Reginaldo

Personal information
- Full name: Reginaldo Artur Faife
- Date of birth: 14 June 1990 (age 35)
- Place of birth: Quelimane, Mozambique
- Height: 1.72 m (5 ft 8 in)
- Position(s): Forward

Team information
- Current team: Kastrioti
- Number: 99

Senior career*
- Years: Team / Apps / (Gls)
- 2009–2011: Maxaquene
- 2011–2013: Liga Muçulmana
- 2013–2015: Nacional / 16 / (2)
- 2015–2016: Santa Clara / 43 / (4)
- 2016–2017: Luftëtari Gjirokastër / 32 / (8)
- 2017–2018: Laçi / 33 / (19)
- 2018–2019: Kukësi / 43 / (20)
- 2019–2020: Shakhter Karagandy / 14 / (3)
- 2020: Kaisar / 17 / (2)
- 2021: Shkupi / 14 / (2)
- 2021: Akzhayik / 4 / (0)
- 2022: Dinamo Tirana / 19 / (0)
- 2023–: Kastrioti / 16 / (1)

International career^{‡}
- 2011–: Mozambique / 35 / (3)

= Reginaldo Faife =

Mozambican footballer

Reginaldo Artur Faife (born 14 June 1990), known simply as Reginaldo, is a Mozambican professional footballer who plays as a forward for Kategoria Superiore club Kastrioti.

==Club career==
===Luftëtari Gjirokastër===
On 1 September 2016, Reginaldo joined Albanian club Luftëtari Gjirokastër by penning a one-year contract. During the course of 2016–17 season, Reginaldo made 32 league appearances, scoring 8 goals and providing 4 assists, and Luftëtari finished the season in a respectable 4th place. Following the expiration of his contract, Reginaldo left the club and become a free agent.

===Laçi===
On 1 August 2017, Reginaldo joined fellow Albanian Superliga side Laçi as a free agent. He missed the opening five championship matches due to injury, only returning to first-team matches in October, making his competitive debut on 16 October in the matchday 6 against Flamurtari Vlorë, scoring a penalty kick in a 1–1 draw at Kastrioti Stadium. Only five days later Reginaldo scored a brace in the 3–0 win over newbie Lushnja to help Laçi take 3rd place in the championship.

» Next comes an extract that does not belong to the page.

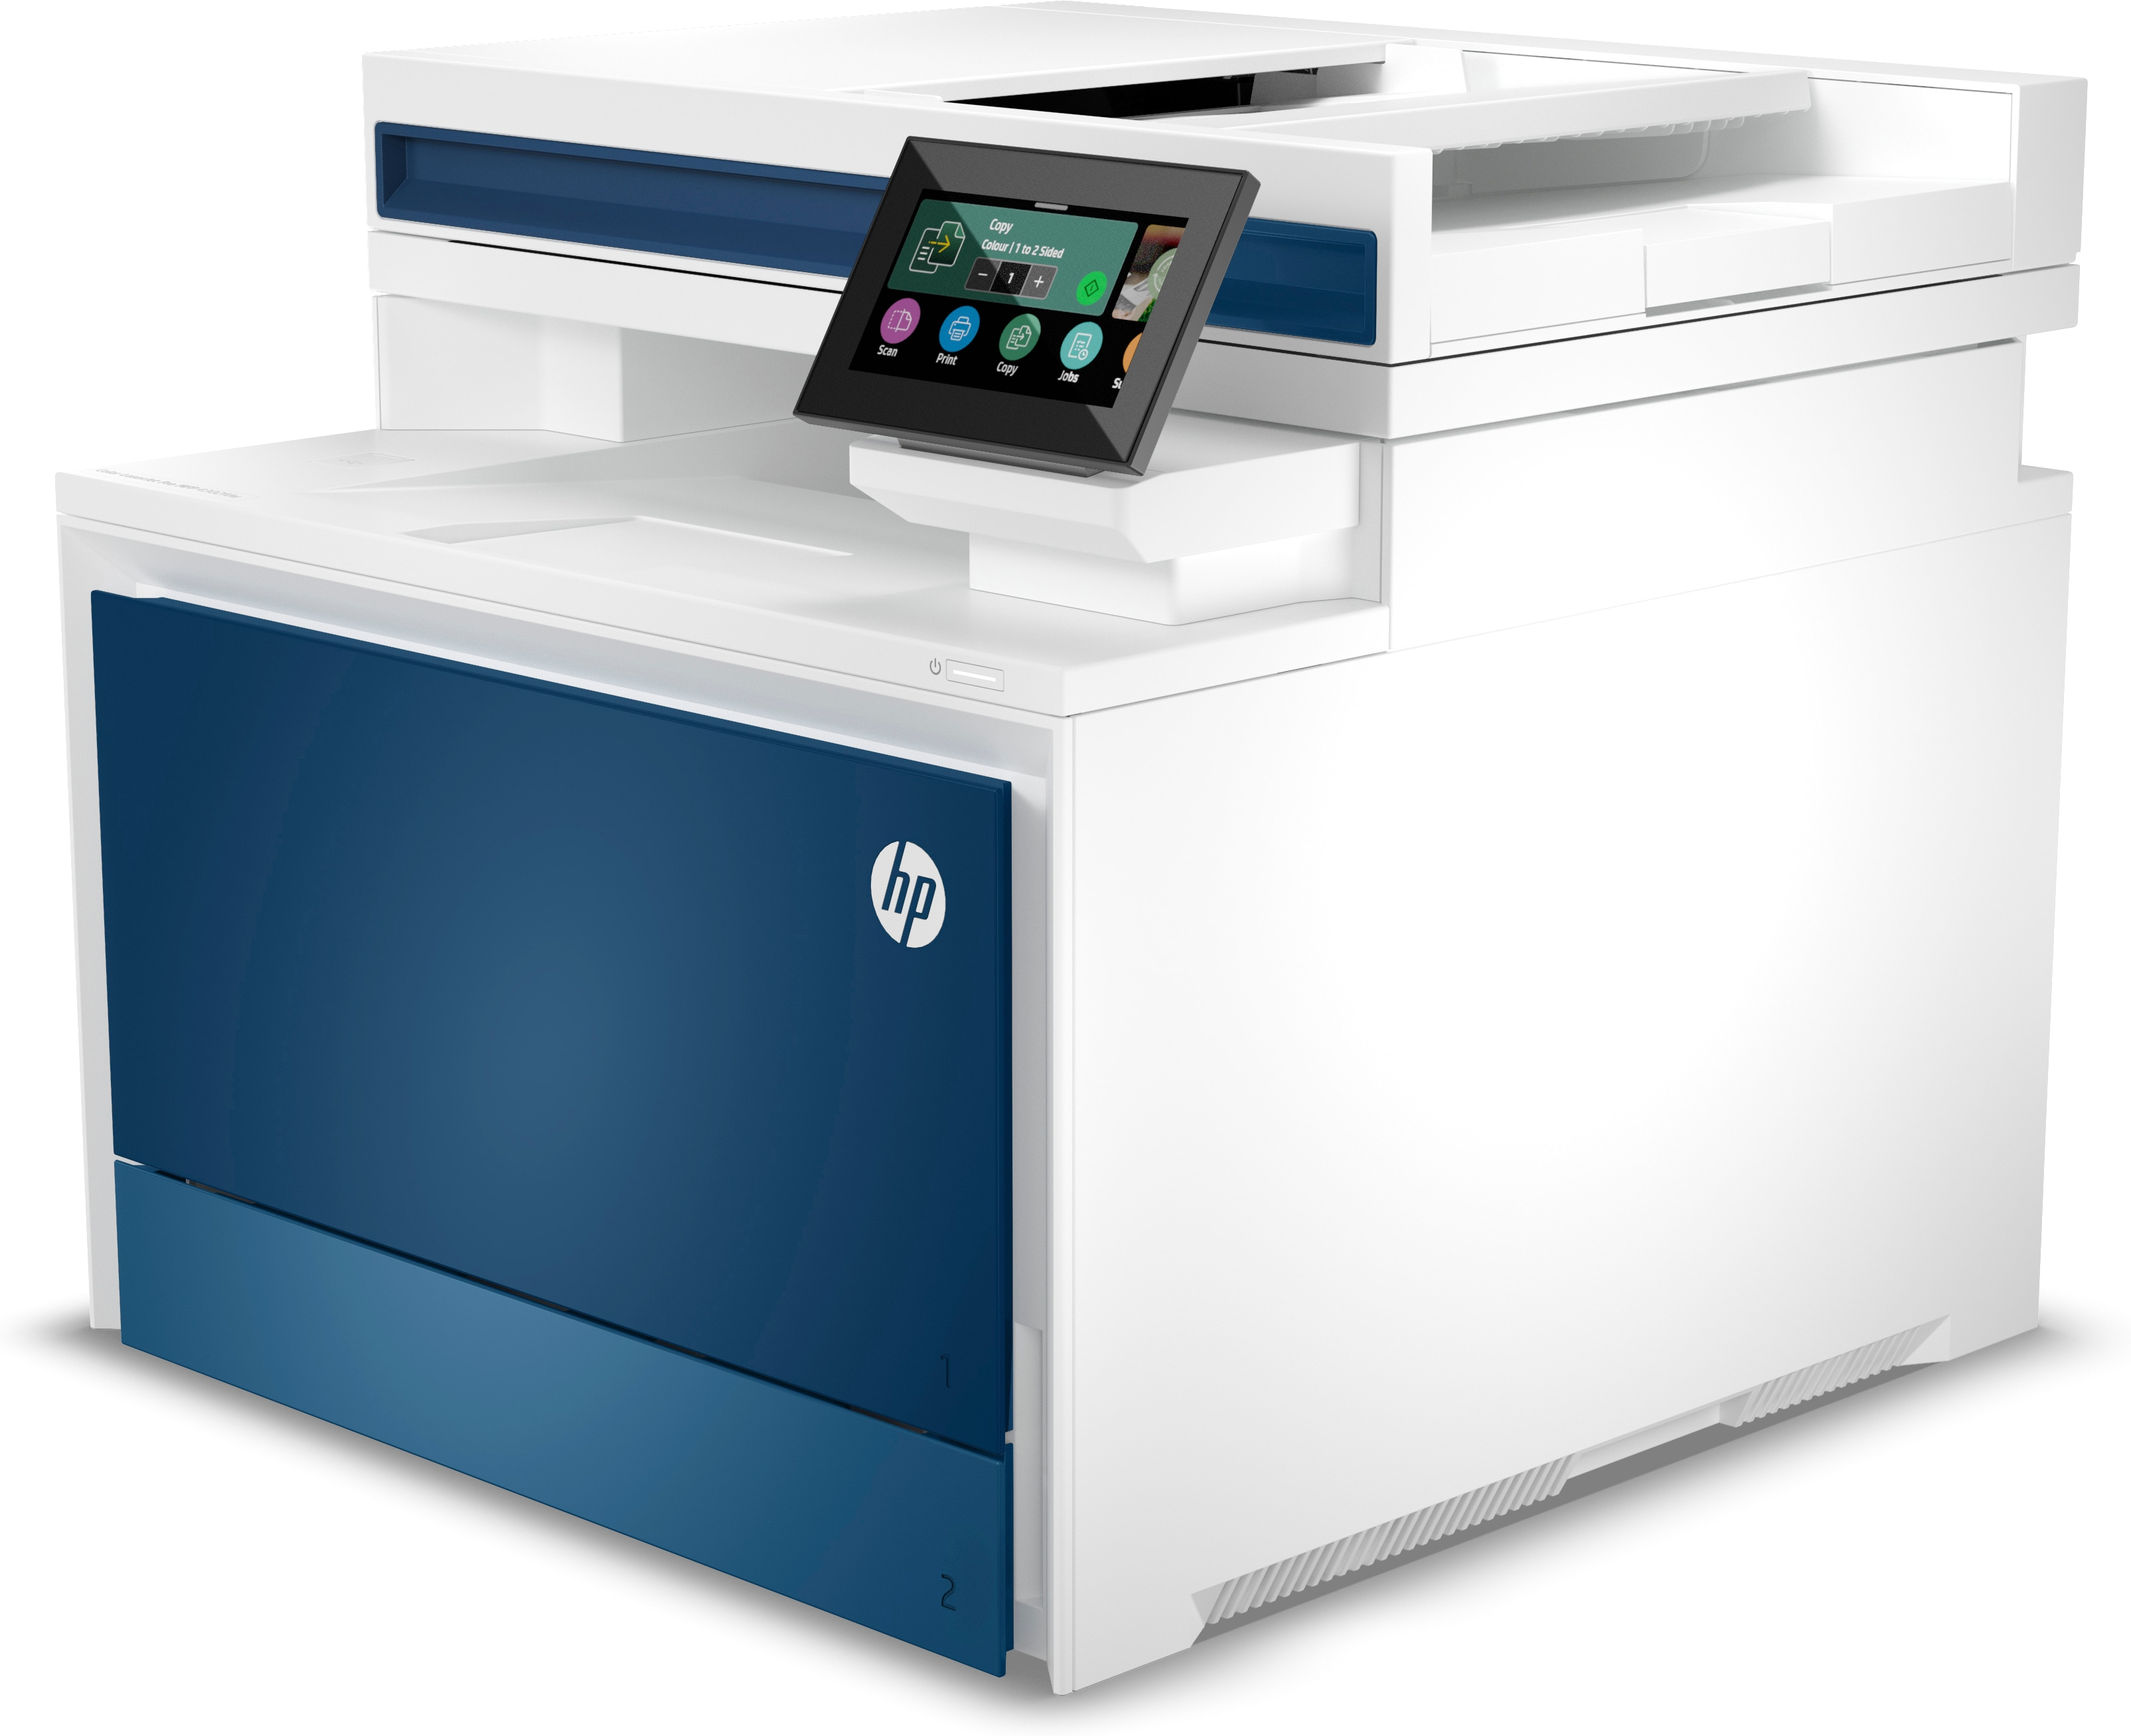 HP 5HH64F#B19  HP Color LaserJet Pro Stampante multifunzione 4302fdw,  Colore, Stampante per Piccole e medie imprese, Stampa, copia, scansione,  fax, wireless; idonea a Instant Ink; stampa da smartphone o tablet;  Alimentatore

He started 2018 by netting his team's only goal in the 3–1 loss to Kamza. Then Reginaldo scored in both legs of 2017–18 Albanian Cup quarter-finals against his former team Luftëtari Gjirokastër as Laçi progressed to semi-finals 4–0 on aggregate; he refused to celebrate the goal scored at Luftëtari's home. Later on 10 March, Reginaldo scored his first Albanian Superliga hat-trick in the 4–2 home win versus Flamurtari Vlorë; the feat lifted his tally to 11 goals, breaking his previous record and also reaching double-figures for the first time in career. He also become the first Laçi player to score a hat-trick since Mate Dragičević in March 2011.

On 18 April, Reginaldo scored the decisive away goal in the 1–1 draw at Kukësi in the second leg of cup's semi-final to book Laçi's spot at the final once again. Later on 19 May, he scored inside 50 seconds in the match against Kamza to make it the fastest goal scored in Albanian Superliga for 2017–18 season; Laçi would win the match 2–1.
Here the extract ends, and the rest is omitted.